However, despite being such a big health condition, very less is known about dyslexia. The knowledge around dyslexia is so little that people often interpret it as problematic. Due to limited awareness around this condition, the affected individuals are ostracized and are marred by stigmas.
We at ETimes-TOI spoke to Suchita Pattnaik, a mother and a DIY teacher on what dyslexia means to her, how she helps her child, Shreyansh, deal with dyslexia and what all she has faced until now.
In 2010, Suchita’s eight-year-old son was diagnosed with dyslexia and following this her family severed ties with her. With nobody to lend her support, Suchita embarked on a journey in which she had to carry her emotions along with her son who was denied admission to schools due to his condition. Despite constant rejections and bullies this mother never lost her focus and years later when her son secured 96% in CBSE class 12 board exam her joy knew no bounds. Currently, Shreyansh is pursuing a course in Artificial Intelligence in a reputed college in Gurugram.

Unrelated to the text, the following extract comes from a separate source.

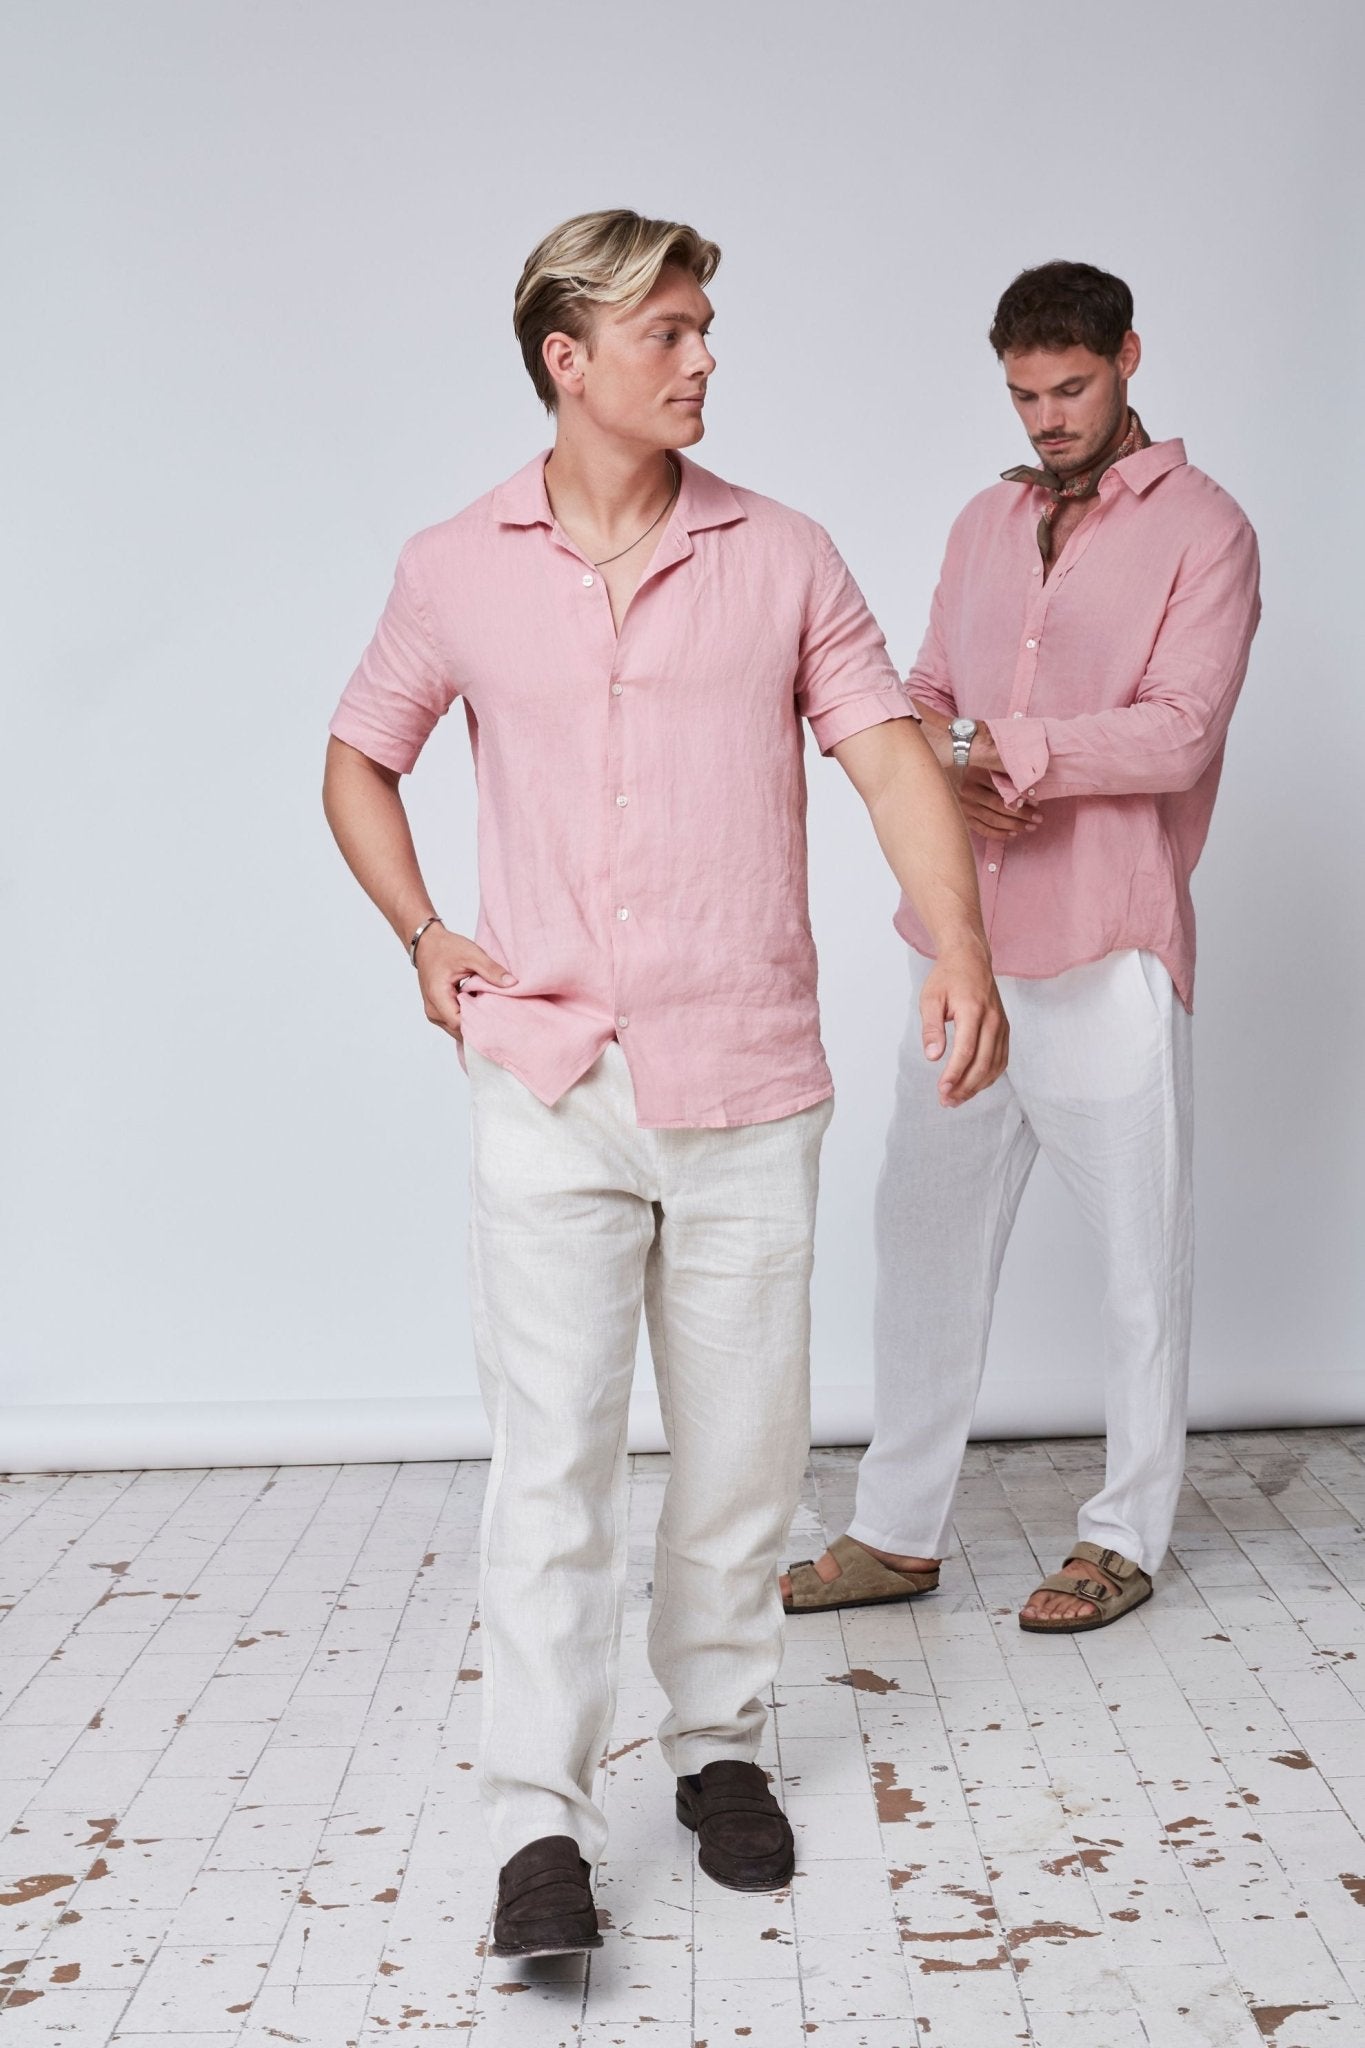 Uge 29 Skjorten Kortærmet (Rosé) - Skagen Clothing DK

ETimes-TOI: What would you like people to know about dyslexic kids?
Suchita Pattnaik: In my opinion, we all should treat them normally but gently. Like all other kids they are also normal kids with special abilities and people must know that dyslexic kids are also intelligent. If they are coding, they are the best at it, if they are solving mathematical problems, they will do it faster than any other student. So bullying them and making them feel inferior to others should be discouraged. We should be more empathetic and inclusive towards them.
ETimes-TOI: What are the most disturbing comments and reactions you come across?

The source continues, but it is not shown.